Obama noted that though Cuban leadership would like to control how quickly that change would come about, in meetings he would assert his administrations’ view that “rather have change happen to you, it’s better to get out in front of change. And the government has the ability to recognize where the future is and to start preparing the ground.”
Some progress has been made, and Obama praised the country’s efforts to raise literacy rates “extraordinarily high” and its “solid healthcare system.”
Obama predicted that using the “skills of the Cuban people is going to be the thing that unleashes the potential of this place.”
Obama and Castro are set to meet and deliver remarks on Cuban television Monday.

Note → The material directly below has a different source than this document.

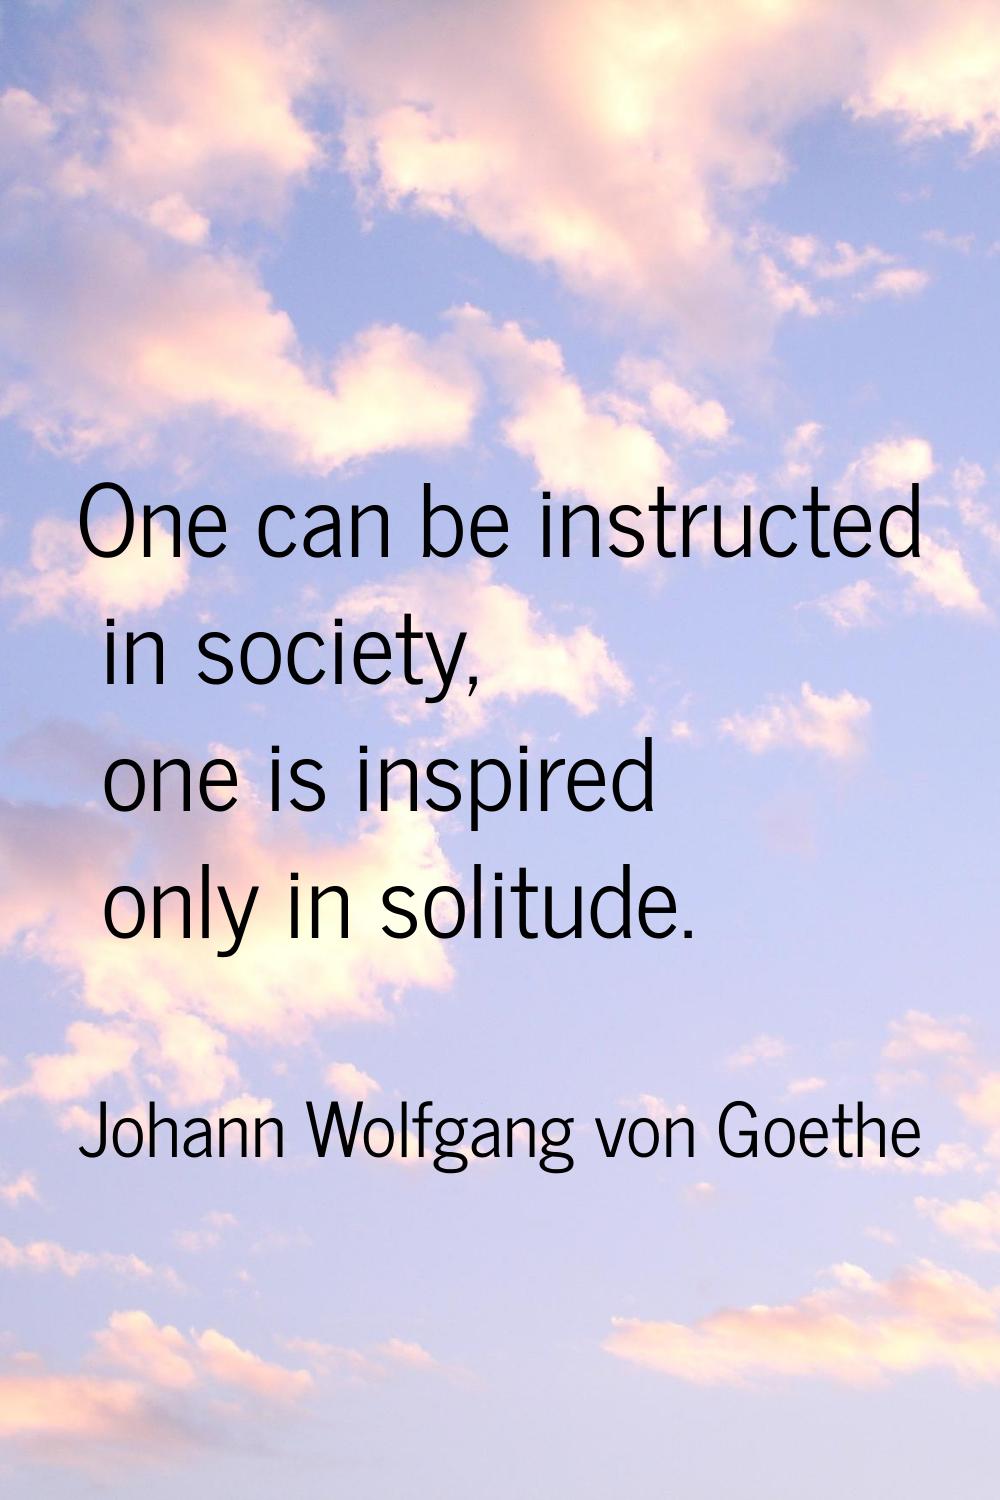 One can be instructed in society, one is inspired only in solitude.

Obama said he would stress that the U.S. respects the right of the Cuban people to self-determination.
“Ultimately it’s not up to the United States to determine both Cuba’s form of government as well as its economy,” Obama said when asked how tough he would be on the nation’s current regime. “But, what I will assert is that the values we believe in, we think are universal, that all people aspire to freedom of speech and assembly, that all people aspire to be able to practice their faith without government coercion and that the proof of economic models can be seen all around the world.”
Watch the full interview here.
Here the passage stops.